For the above applications, further, the method for synthesizing 2, 5-dihydrofuran, activated gamma-alumina catalyst, is switched to nitrogen gas space velocity controlled at 10.0-20.0h^-1Keeping 1.0-2.0h to completely replace the residual hydrogen in the catalyst and the reaction tube, and then further heating the reaction tube to 220-270 ℃.

For the above applications, further, the method for synthesizing 2, 5-dihydrofuran comprises the steps of heating the reaction tube to 220-270 ℃, and then continuously introducing 1, 4-butylene glycol, wherein the space velocity is controlled to be 15-20h^-1And collecting the generated 2, 5-dihydrofuran crude product at the tail end of the reaction tube.

The invention has the following advantages:

1. the catalyst carrier is cheap and easy to obtain, the preparation process is simple, and after the active component is soaked in the carrier, the carrier is filtered, washed and heated at high temperature without special process operation.

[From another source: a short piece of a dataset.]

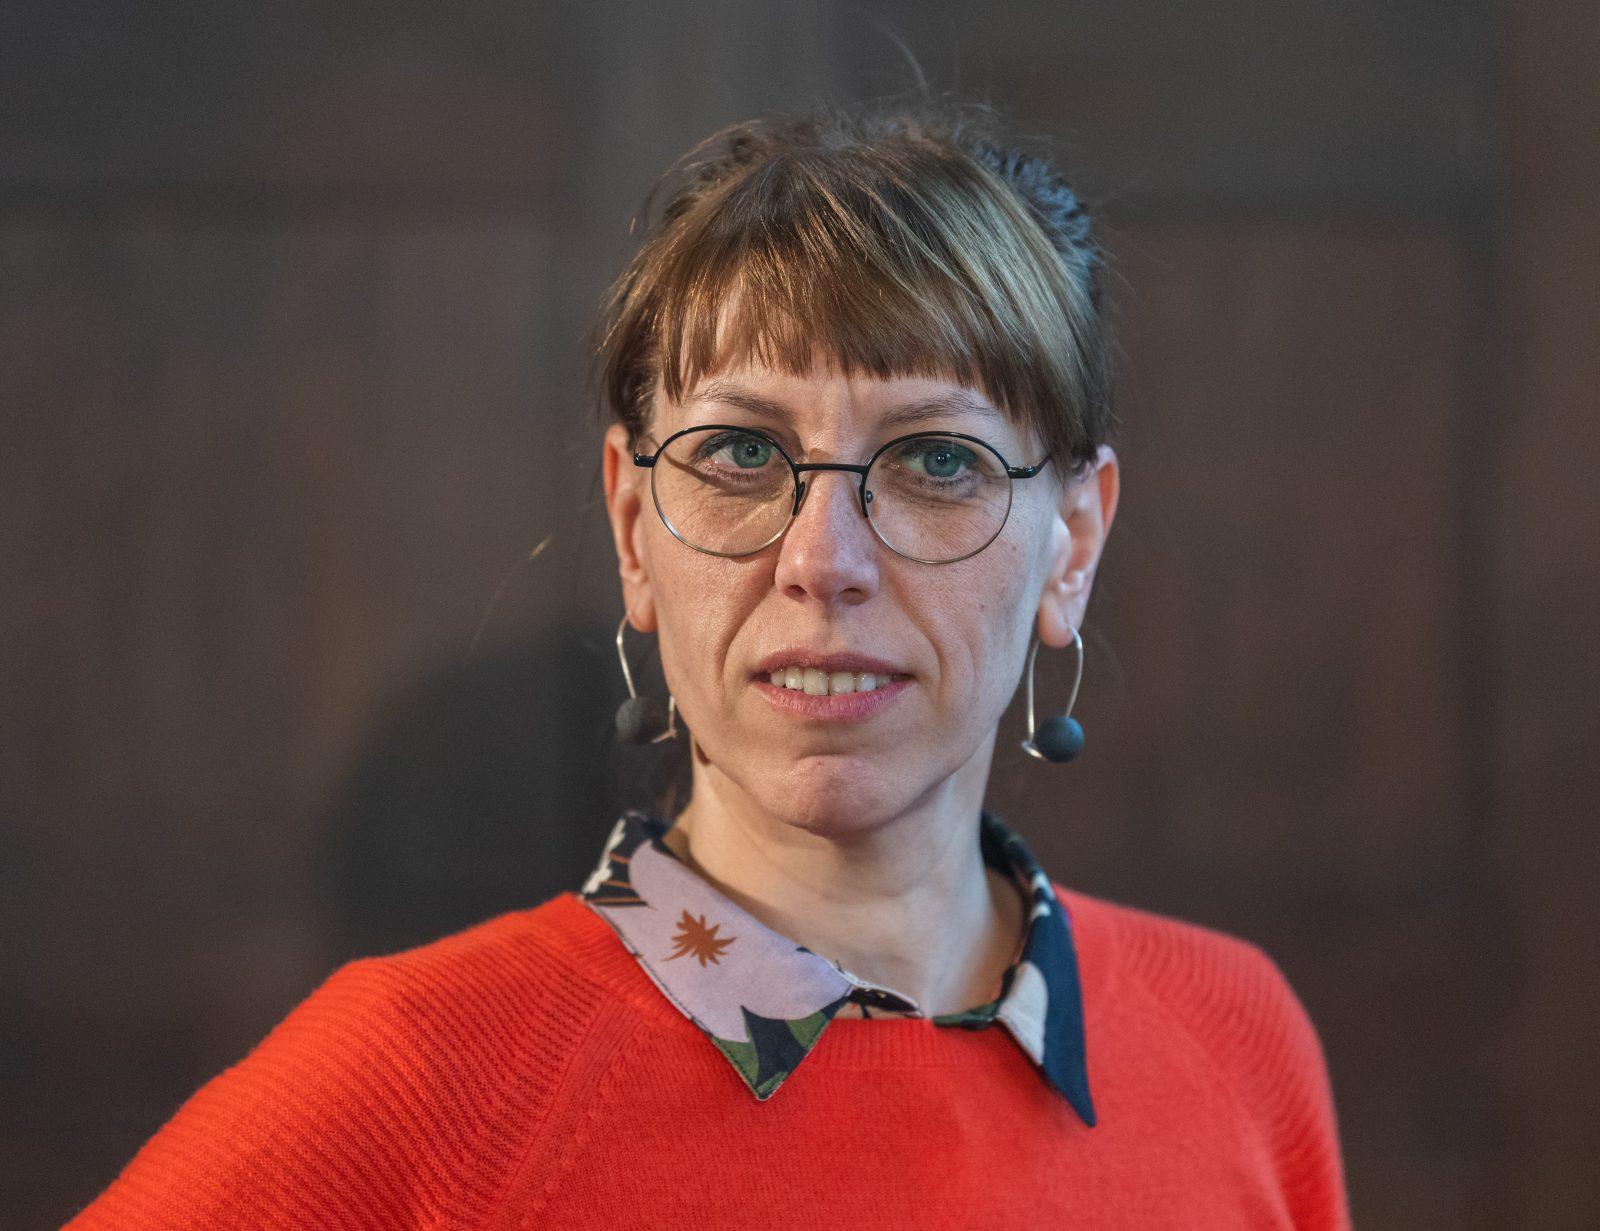 Sachsens Justizministerin Katja Meier (Grüne) gerät wegen der Personalpolitik ihres Ministeriums in die Kritik Foto: picture alliance/Robert Michael/dpa-Zentralbild/dpa

2. The catalyst prepared by the method has heavy feed endThe space velocity reaches 15h^-1The product yield is more than 98 percent, the continuous operation is carried out for 40 hours, the yield is not obviously reduced, and the method has the potential of further enlarging production.

Detailed Description

The following non-limiting examples are presented to enable those of ordinary skill in the art to more fully understand the present invention and are not intended to limit the invention in any way.